If you’ve made some changes to the main
branch that you wanted to put on new_feature
and you haven’t committed yet, then you can move those changes over by stashing them in a corner:
git stash
git checkout new_feature
git stash pop
Stashing uncommitted changes bypasses git’s rule about not permitting you to switch branches before committing, because your changes will not be overwritten this way.
If you’ve already committed your changes to main
instead of new_feature
and you haven’t pushed yet then you can fix the mishap with:
git checkout new_feature
git merge main
git checkout main
git reset --hard HEAD~3
This will move the changes to the new_feature
branch (by merging them in from main), then on the main branch, undoes the last three commits, rewriting history.
Since the commits are still referenced by the new_feature
branch, no work is lost, but they no longer appear in the main
branch’s history.
Usually when you make a mistake, like committing a typo, the solution is to add a new commit that corrects the mistake. There is rarely any need to rewrite history and un-commit something.
One glaring exception is when you commit security-sensitive information.
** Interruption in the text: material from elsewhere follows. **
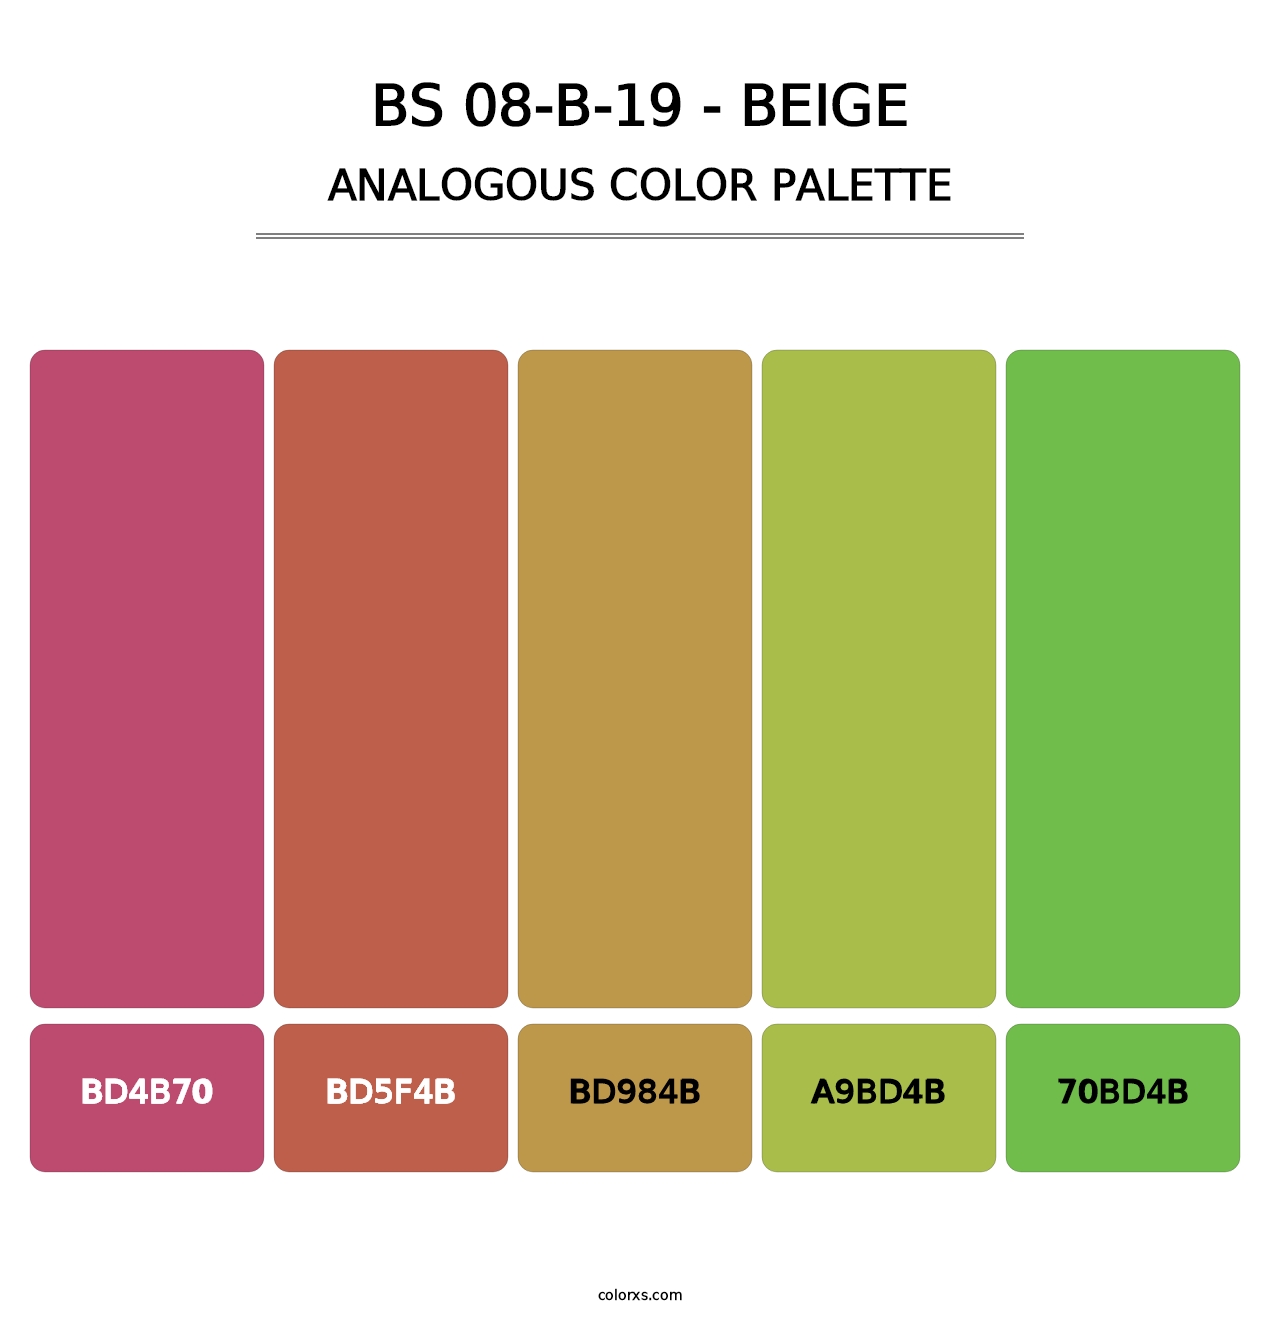 BS 08-B-19 - Beige - Analogous Color Palette

For example, if you accidentally commit your Amazon EC2 API keys to a public GitHub repository, then adding a new commit to erase them is insufficient. Anyone could look in the commit history of the project and fetch the keys back out.
In this rare circumstance, you can roll back back the most recent commits on the local main branch with:
git reset --hard HEAD~3 # Replace '3' with the number of commits to undo
And then push those changes up to GitHub, being very explicit about forcing GitHub to update their origin/main
to match your local main
, even though you aren’t adding new commits:
git push origin main --force
Note that if anyone else has pulled the mistaken commit down from GitHub, they’ll still be able to view the withdrawn credentials, and they’ll now get an error when they try to pull new changes down. This is because their own git history is now incompatible with the one on GitHub. To fix this, they need to reset their main branch to overwrite their local history with GitHub’s:
git fetch origin main
git reset --hard origin/main
Needless to say, this is extremely messy, and should be avoided whenever possible.
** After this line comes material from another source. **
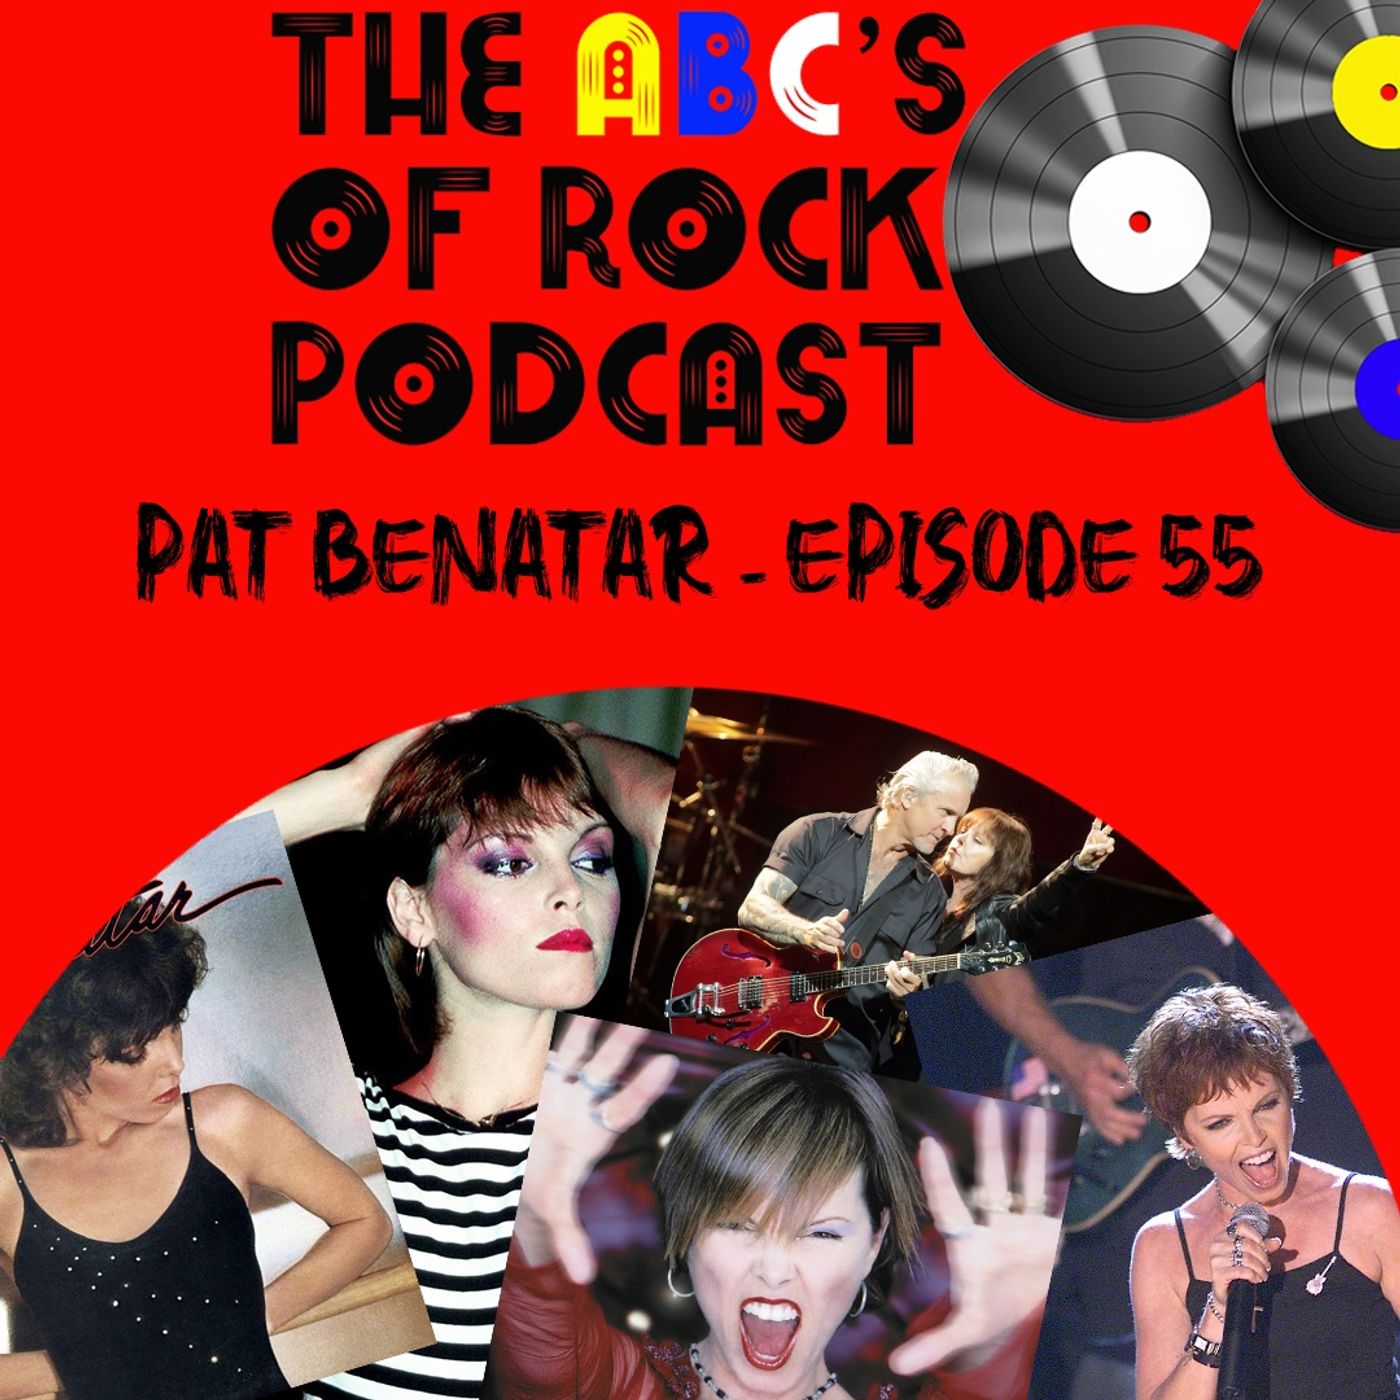 Pat Benatar - "A Toxic Waltz" - Episode 55

Git has a special configuration file, .gitignore
, that tells it to ignore specific files. For example, you might include a .gitignore
file at the top level of the repository containing:
*.png
database_credentials.json
logs/
This will tell git to ignore all PNG files, the database credentials file, and the entire logs folder. You will never be prompted to add or commit those files, so there is no risk of accidentally pushing them to a public repository.
Git has poor support for moving and renaming files. When you rename a file without telling git, it compares the contents of the “new” file and the “missing” file, and if the files are identical or extremely similar, it assumes the file has simply been moved. However, if you rename a file and then make some changes to it, chances are git will no longer recognize it as the same file, and will prompt you to commit deleting the old file and creating a new file. This is inconvenient, since it destroys the history associated with the file, making it difficult to track changes. Fortunately, the solution is simple - move your files using git:
git mv oldfile newfile
This guarantees that git knows the file is renamed, and maintains history.
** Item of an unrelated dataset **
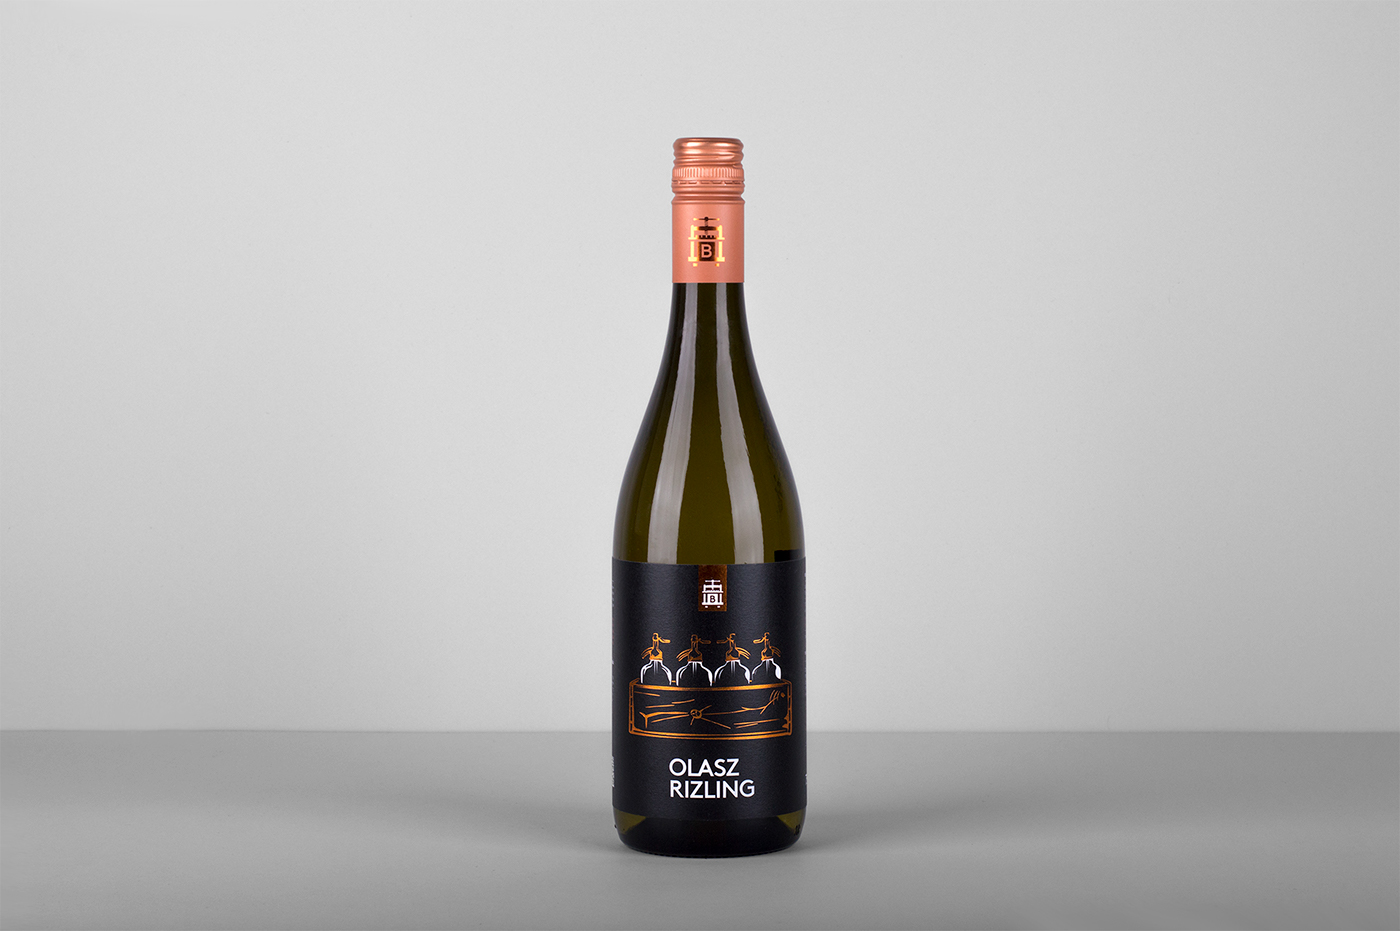 wine balga winery bor borászat frizzante Label wine label design bor címke

Git is a powerful tool for collaborating with others on code. It has an extraordinary breadth of functionality, because it was created by the Linux kernel developers to help them manage what is likely the single most complicated open source project in human history. However, this post covers most of the basics, and as much as I’ve needed for almost any project. I picked up git on my own, as I think many scientists do, and for several years felt like I half-understood what I was doing and stumbled my way through getting git to do what I wanted. Hopefully this can help someone in a similar place!